Depois de proferido tal despacho, datado de 6/10/05, logo a 28 do mesmo mês (não constando deste apenso a data em que o cabeça de casal foi notificado da penhora) foi apresentado por ele o requerimento de fls. 24-621., a opor-se à penhora da sua meação, devendo antes ter sido reclamado tal crédito, documentando-o para ser objecto de deliberação em sede de conferência de interessados, tanto mais que refuta tal crédito.
Assim deveria ser indeferido o pedido de penhora da meação e substituído o despacho de fls. 568.
Tal requerimento foi logo indeferido por falta de fundamentação legal e condenado o Requerente em taxa de justiça – v. fls. 26-625.
É sabido que se requerido esclarecimento ou reforma da sentença, nos termos do art. 669º, o prazo para interposição do recurso dela só se passará a contar a partir do despacho que o decide – art. 686º, nº.1.

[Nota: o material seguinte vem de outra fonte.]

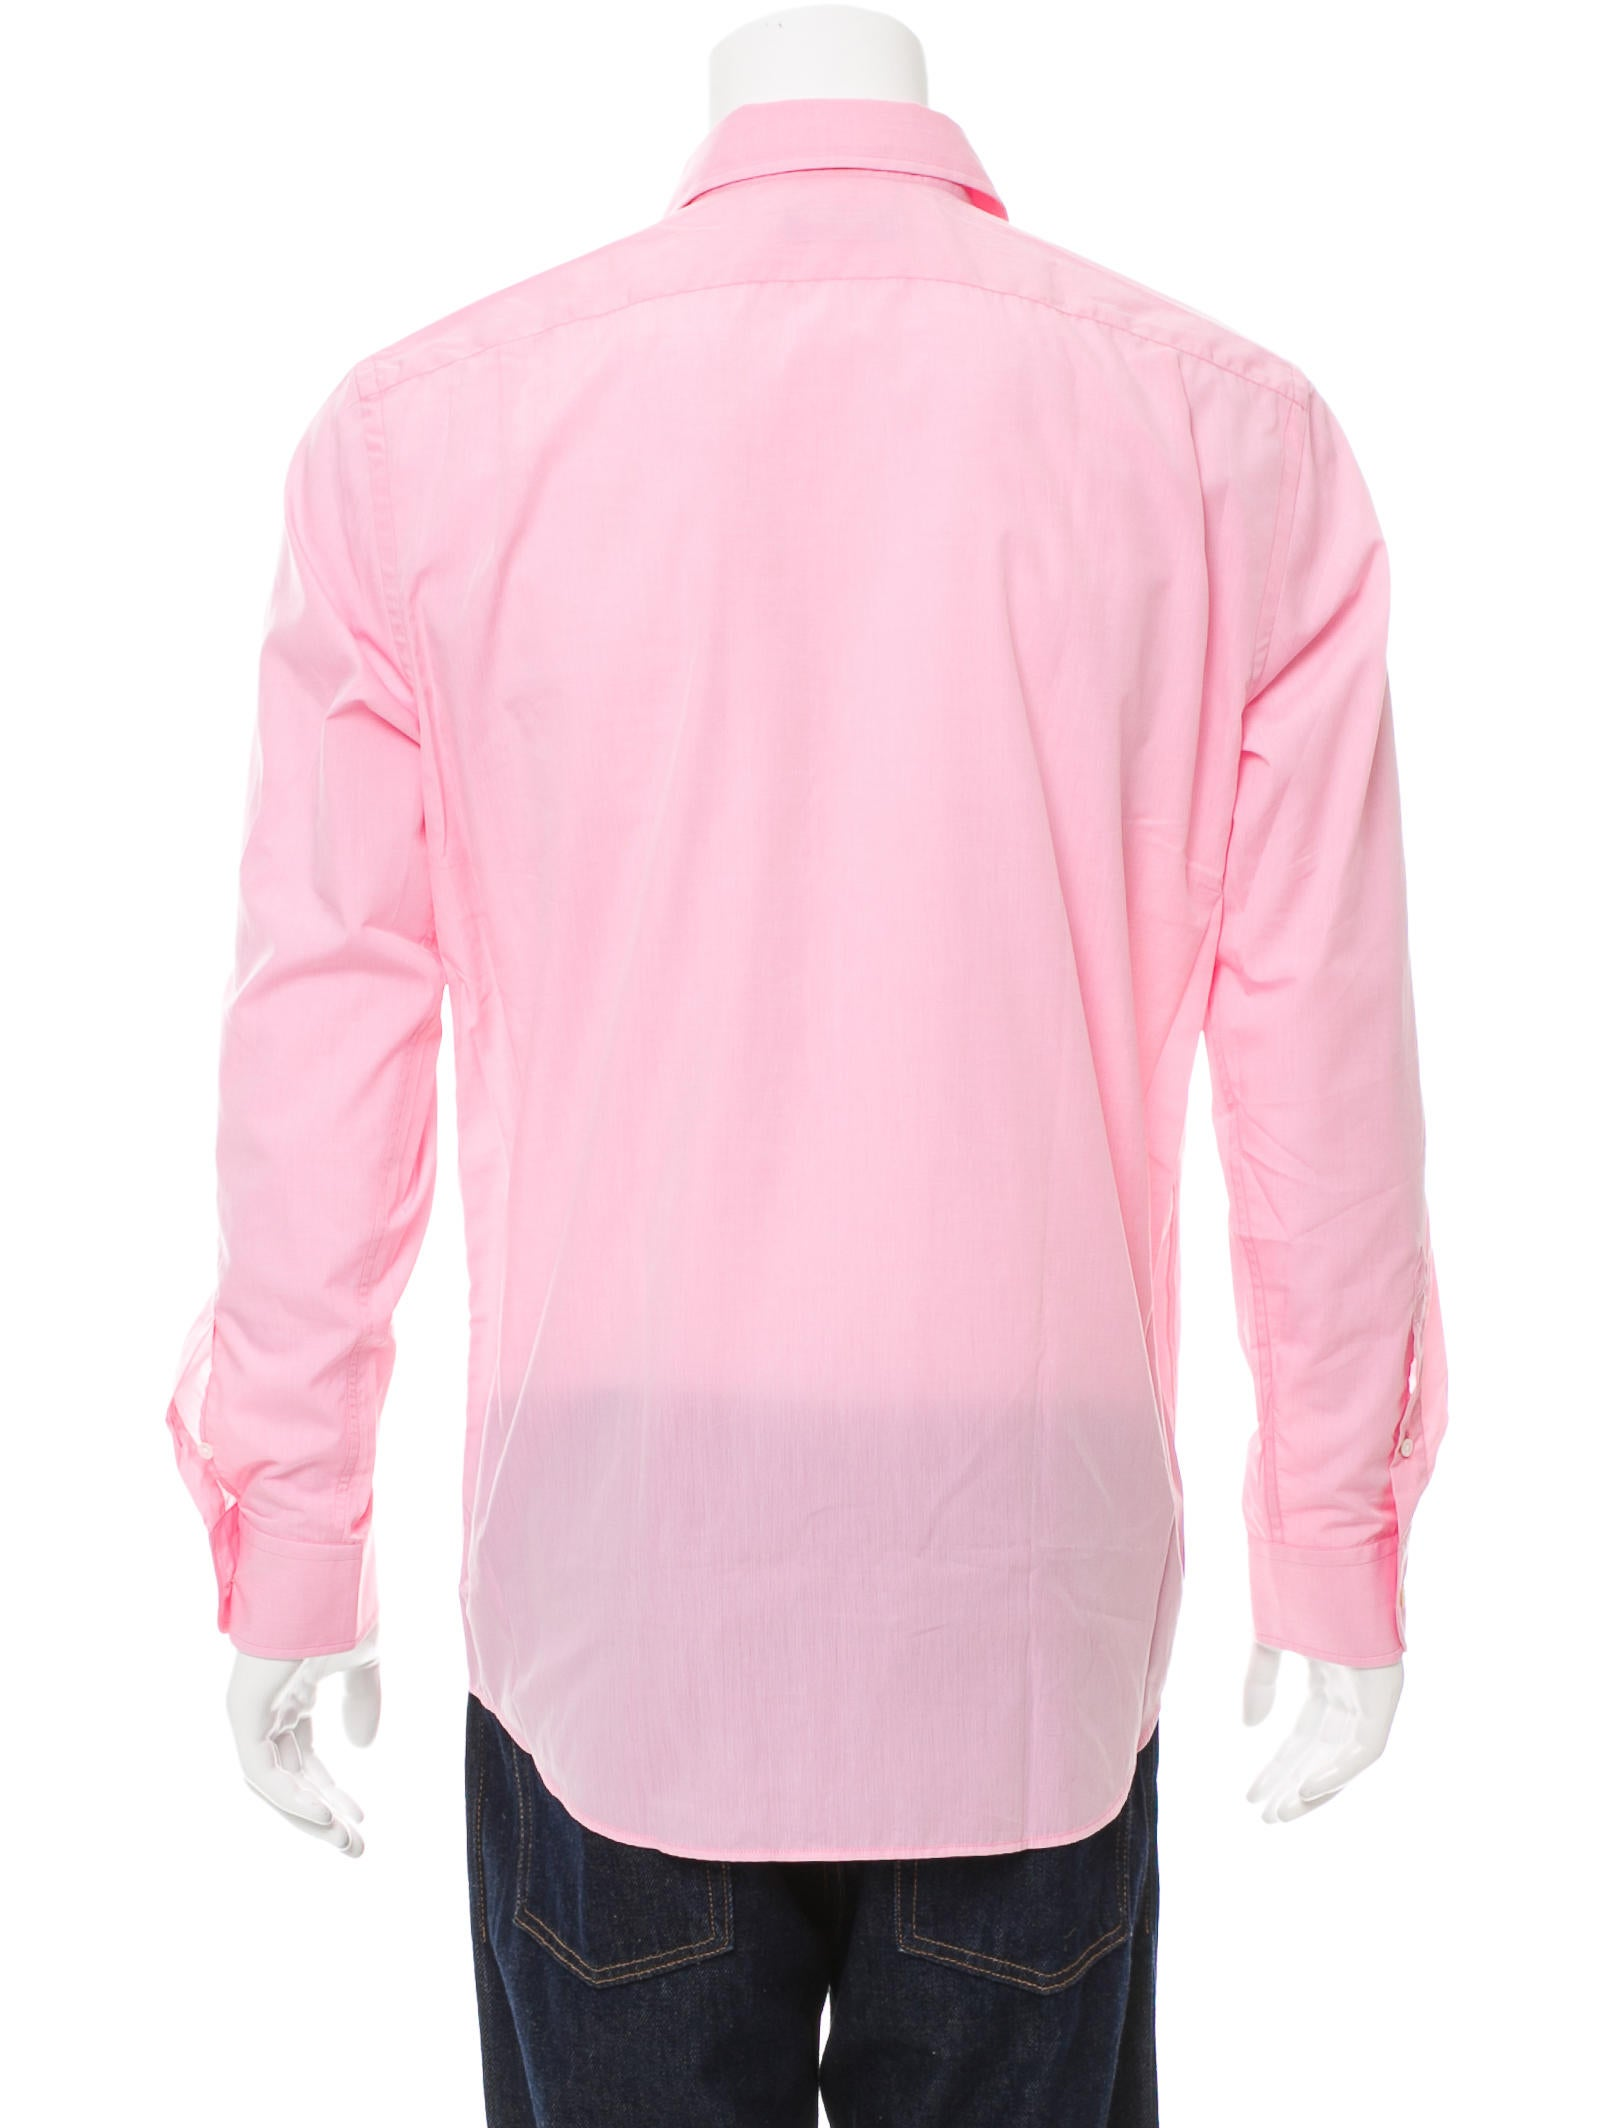 Ralph lauren purple label woven button up shirt w tags Woven t shirt tags

Só que o referido requerimento de fls. 621 de modo algum se pode caracterizar de pedido de esclarecimento, rectificação ou reforma, atenta a sua redacção e o seu pedido.
Assim sendo, não havendo interrupção do prazo para interpor recurso, quando o faz já o despacho de que queria recorrer havia transitado em julgado.
O Reclamante deixou ultrapassar em muito, o prazo de 10 dias previsto no art. 685º, nº.1, pelo que o recurso que pretendeu interpor, como bem entendeu a Mm. Juíza, é extemporâneo.
Nestes termos, sem necessidade de maior fundamentação, por escusada, INDEFIRO a presente reclamação.
Custas pelo Reclamante.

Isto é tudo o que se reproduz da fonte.